Simple. De-regulate and stop taxing productive activity in order to buy votes from baby-boomers like you. Nothin’ to it, really.

UnHerd Reader
UnHerd Reader
3 months ago
Reply to  Hugh Bryant

Hugh, you are a pompus git. All one needs do is read your witterings to discern that you dont know much at all.

Hugh Bryant
Hugh Bryant
3 months ago
Reply to  UnHerd Reader

Wow, that’s a powerful and compelling argument! Well done! At least I can spell FFS.

Ian Wigg
Ian Wigg
3 months ago
Reply to  j watson

The problem for pension companies is a regulatory one. Due to Capital Adequacy rules they are effectively forced in holding almost exclusively fixed income portfolios. To incentivise them to hold UK equities these rules need to be relaxed.

j watson
j watson
3 months ago
Reply to  Ian Wigg

There is certainly something in needing to change some rules IW, and maybe also get alot of the smaller funds to consolidate.
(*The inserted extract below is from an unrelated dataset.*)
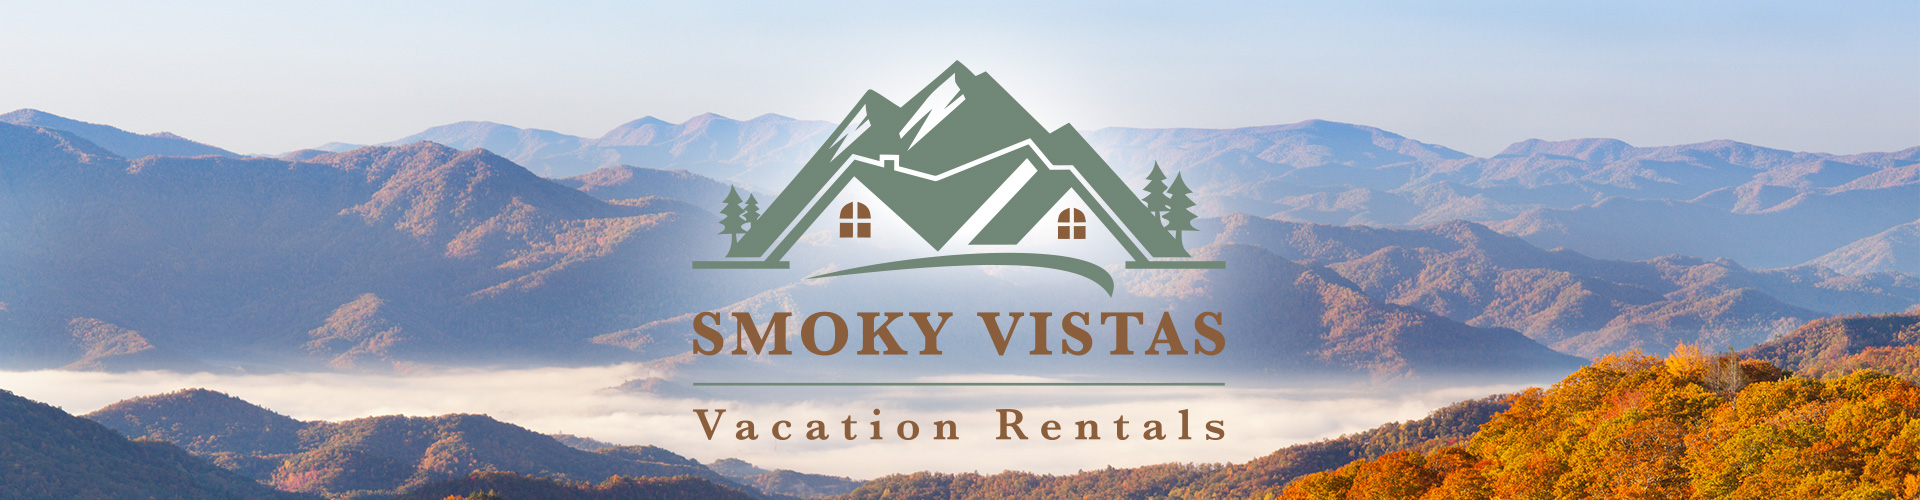 Smoky Vistas Vacation Rentals Banner

The key thing is we have ponder and make changes that get more of this money invested in the UK.

Ian Wigg
Ian Wigg
3 months ago
Reply to  j watson

Consolidation of smaller finds is a bad idea as it’s often the smaller funds which are willing to take a greater risk (they’re often sub funds of bigger institutional funds as part of a fully blended portfolio.)

I was global head of sales and marketing for an institutional investment consultancy specialising in both the Lloyds and London Markets and Pension sectors.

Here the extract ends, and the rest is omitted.